# Basic Questions Regarding DTS-HD audio hookup.



## DannoDTS (May 1, 2010)

Equipment Being Used:

Blu-Ray Player: Sony BDP-S360

AV Receiver: Yamaha RX-V565

Both BD Player and Receiver have DTS-HD Master Decoding.


I decided I wanted to listen to HD sound instead of the old DVD quality sound. So I bought a new Receiver. It was down in price on NewEgg so I decided to take the plunge.

I just got everything hooked up. I put in Avatar to start seeing how everything is going to work. It sounds clean, but flat. That got my attention. I am so used to seeing the DTS logo pop up on the receiver. This one doesn't seem to pop up. So I have no idea if I am streaming in Pro-Logic or DTS/DDTrue HD sound. It just says HDMI.

When I go into the Setup on the receiver and look at the DSP Parameter section, I can only select under the "Surround" section PLIIx Movie or Neo: 6 Cinema. To me that is the first indication that there is no DTS tracking coming through my speakers.

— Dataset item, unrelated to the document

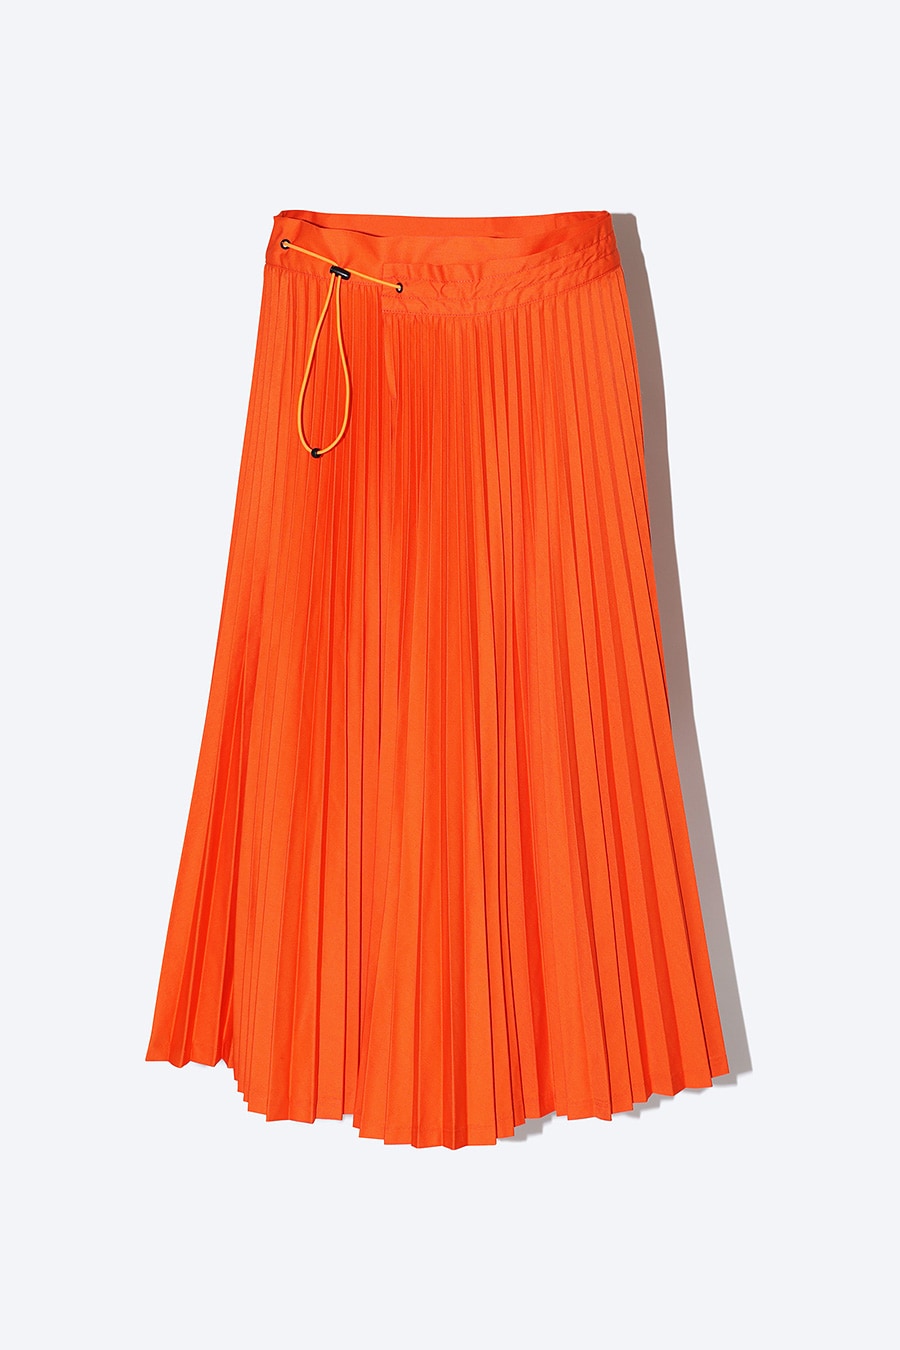 プリーツスカート 25,300円 オレンジ、グレー、ブラックの3色展開。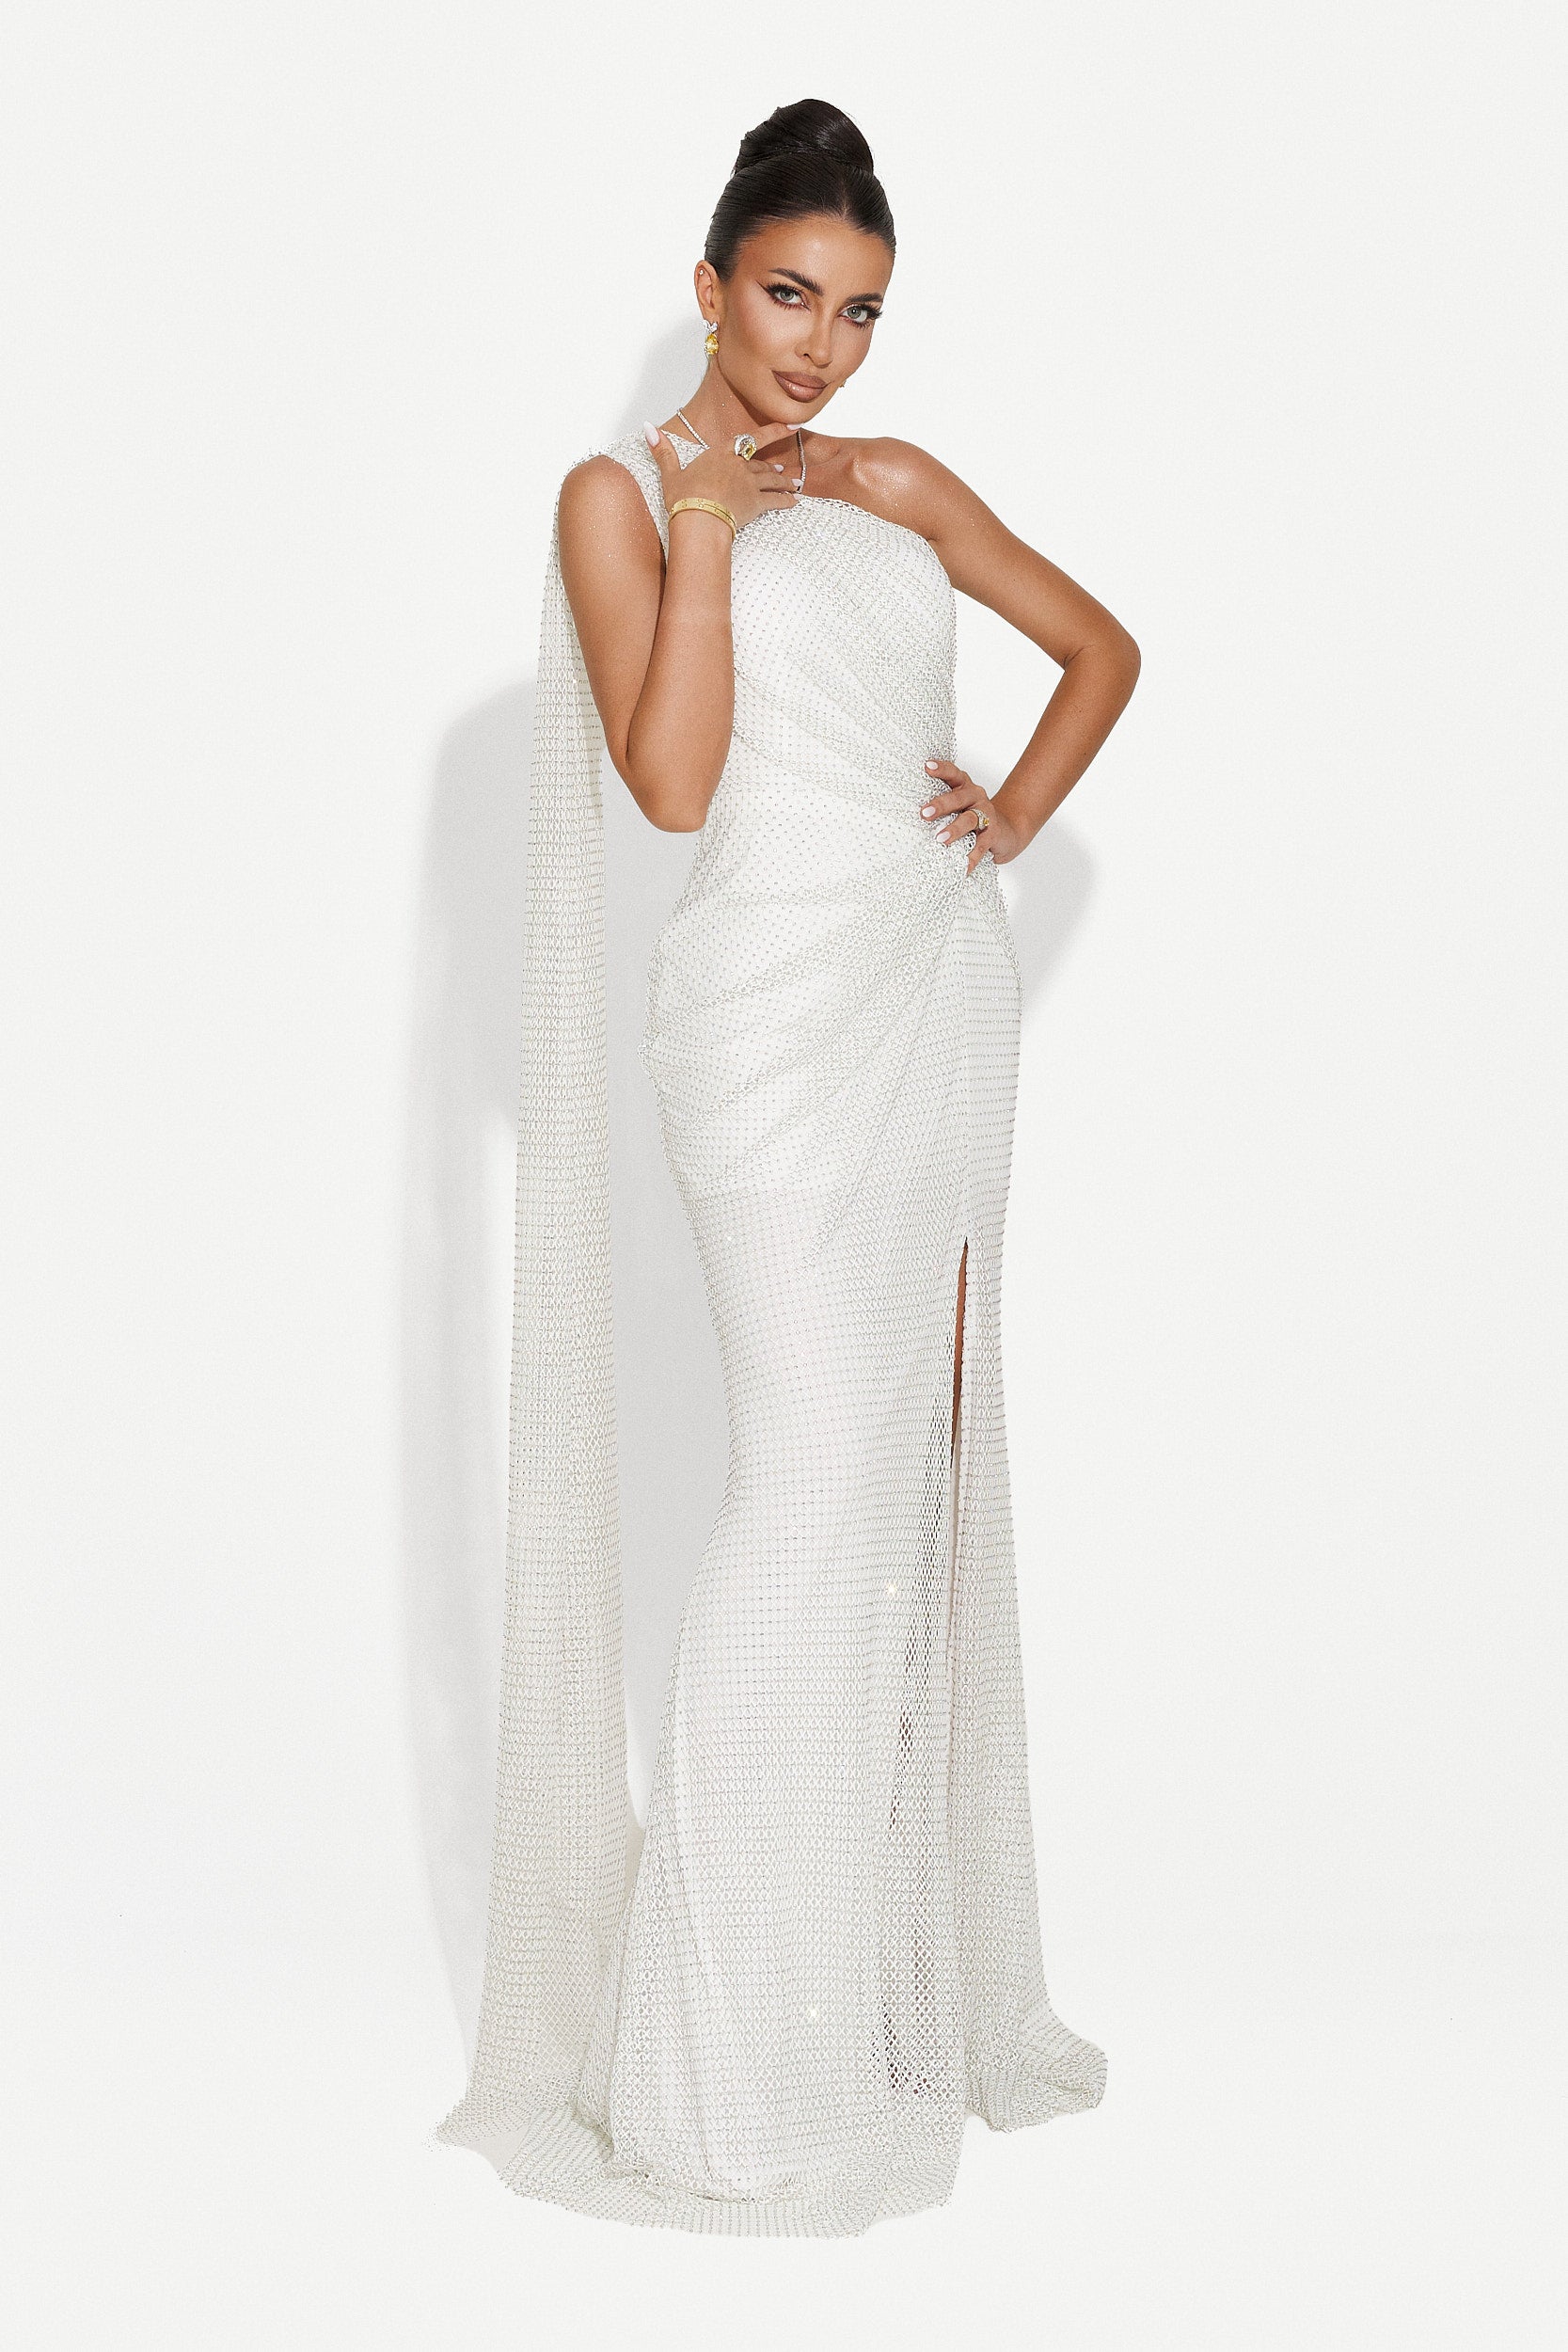 Casida Bogas hosszú fehér női ruha

My Audio settings on my Blu-Ray Player Look like this... Bolded means it is selected.

Audio Output Priority: HDMI

Audio (HDMI): Auto

BD Audio Setting: Mix or Direct

Audio ATT: Off

Dolby Digital: Dolby Digital opposed to Downmix PCM

DTS: DTS opposed to Downmix PCM

48kHz/96kHz PCM: 48kHz/16bit opposed to 96kHz/24bit

Audio DRC: Auto opposed to Standard/TV Mode/Wide Range

Downmix: Normal opposed to Dolby Surround.

I use an HDMI cable to from my BD-Player to my AV-Receiver. Sound Codecs sure are a lot more complicated these days. When I put in a DVD I get no audio. =/ I thought HDMI would cover all sound codecs? Does anything I have listed indicate I am doing something wrong? I really appreciate anybody taking the time to read my problem. Thank You.

- Dan


----------



## recruit (May 9, 2009)

Hi Dan and welcome to the Home Theatre Shack :T

Ref to your problem, the 2 selections below need to be set accordingly

Audio (HDMI): Auto (If this has a Bitstream setting use that or Direct)

BD Audio Setting: Mix or *Direct*


----------



## mdrake (Jan 31, 2008)

Welcome to the shack!!


----------



## DannoDTS (May 1, 2010)

Funny story. I ended up finding out about the "Direct vs. Mix" thing on this forum searching via google.


----------